WORK REQUIRED. The required output is the exact run of lines below that opens at the line with "Family Matching Drawstring" and closes at the line with "Methodology of Transdisciplinarity".

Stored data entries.
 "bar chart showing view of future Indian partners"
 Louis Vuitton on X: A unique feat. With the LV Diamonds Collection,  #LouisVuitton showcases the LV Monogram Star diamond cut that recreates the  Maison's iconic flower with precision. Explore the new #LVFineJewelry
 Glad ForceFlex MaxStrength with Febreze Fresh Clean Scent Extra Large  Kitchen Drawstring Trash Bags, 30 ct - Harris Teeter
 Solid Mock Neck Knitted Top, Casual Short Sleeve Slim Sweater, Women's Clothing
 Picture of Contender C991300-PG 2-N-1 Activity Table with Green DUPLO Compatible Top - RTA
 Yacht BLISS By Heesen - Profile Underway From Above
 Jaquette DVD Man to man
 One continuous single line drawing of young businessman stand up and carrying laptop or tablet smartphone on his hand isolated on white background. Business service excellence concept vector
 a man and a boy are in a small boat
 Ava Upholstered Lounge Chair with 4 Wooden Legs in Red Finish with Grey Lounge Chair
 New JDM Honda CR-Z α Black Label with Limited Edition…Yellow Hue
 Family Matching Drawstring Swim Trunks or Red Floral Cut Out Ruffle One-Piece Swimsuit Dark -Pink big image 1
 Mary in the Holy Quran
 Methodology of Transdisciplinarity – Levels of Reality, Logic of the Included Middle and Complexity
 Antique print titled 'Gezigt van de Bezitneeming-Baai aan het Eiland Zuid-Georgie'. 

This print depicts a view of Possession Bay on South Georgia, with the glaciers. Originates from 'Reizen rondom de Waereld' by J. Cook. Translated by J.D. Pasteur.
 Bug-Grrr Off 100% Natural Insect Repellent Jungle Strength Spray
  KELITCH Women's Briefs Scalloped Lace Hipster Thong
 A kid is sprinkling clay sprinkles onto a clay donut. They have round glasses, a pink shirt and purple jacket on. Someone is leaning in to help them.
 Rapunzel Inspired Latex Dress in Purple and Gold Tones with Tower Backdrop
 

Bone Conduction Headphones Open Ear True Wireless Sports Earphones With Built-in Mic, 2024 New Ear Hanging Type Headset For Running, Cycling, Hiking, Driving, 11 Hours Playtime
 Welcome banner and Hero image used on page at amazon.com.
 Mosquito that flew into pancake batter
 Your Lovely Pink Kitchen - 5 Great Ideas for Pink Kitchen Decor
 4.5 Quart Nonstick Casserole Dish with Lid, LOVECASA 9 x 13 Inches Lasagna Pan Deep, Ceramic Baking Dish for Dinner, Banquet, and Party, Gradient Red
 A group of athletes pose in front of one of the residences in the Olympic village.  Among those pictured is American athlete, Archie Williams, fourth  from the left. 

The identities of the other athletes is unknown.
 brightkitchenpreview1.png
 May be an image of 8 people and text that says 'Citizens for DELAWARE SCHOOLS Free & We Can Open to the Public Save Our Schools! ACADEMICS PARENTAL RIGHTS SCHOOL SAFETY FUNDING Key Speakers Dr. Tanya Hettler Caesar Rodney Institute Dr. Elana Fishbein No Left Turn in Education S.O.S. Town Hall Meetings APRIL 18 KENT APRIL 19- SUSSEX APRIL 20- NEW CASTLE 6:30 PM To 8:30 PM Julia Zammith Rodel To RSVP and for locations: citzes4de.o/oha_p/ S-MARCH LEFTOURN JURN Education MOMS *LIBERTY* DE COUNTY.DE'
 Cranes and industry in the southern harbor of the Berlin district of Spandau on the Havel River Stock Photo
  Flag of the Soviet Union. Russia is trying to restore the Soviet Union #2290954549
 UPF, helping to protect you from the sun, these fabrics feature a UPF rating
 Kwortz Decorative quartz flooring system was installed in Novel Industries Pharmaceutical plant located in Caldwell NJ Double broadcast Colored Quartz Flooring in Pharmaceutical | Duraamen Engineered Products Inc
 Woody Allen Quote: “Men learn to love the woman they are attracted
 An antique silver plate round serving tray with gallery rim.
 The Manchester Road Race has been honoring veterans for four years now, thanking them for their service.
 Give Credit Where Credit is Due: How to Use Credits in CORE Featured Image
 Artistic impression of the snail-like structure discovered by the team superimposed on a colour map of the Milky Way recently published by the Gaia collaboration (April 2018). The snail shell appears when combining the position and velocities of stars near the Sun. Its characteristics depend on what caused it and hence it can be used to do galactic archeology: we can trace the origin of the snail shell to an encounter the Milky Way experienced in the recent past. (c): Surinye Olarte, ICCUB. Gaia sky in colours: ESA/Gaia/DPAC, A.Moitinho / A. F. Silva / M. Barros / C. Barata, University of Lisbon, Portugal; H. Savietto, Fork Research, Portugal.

THE ANSWER.
 Family Matching Drawstring Swim Trunks or Red Floral Cut Out Ruffle One-Piece Swimsuit Dark -Pink big image 1
 Mary in the Holy Quran
 Methodology of Transdisciplinarity – Levels of Reality, Logic of the Included Middle and Complexity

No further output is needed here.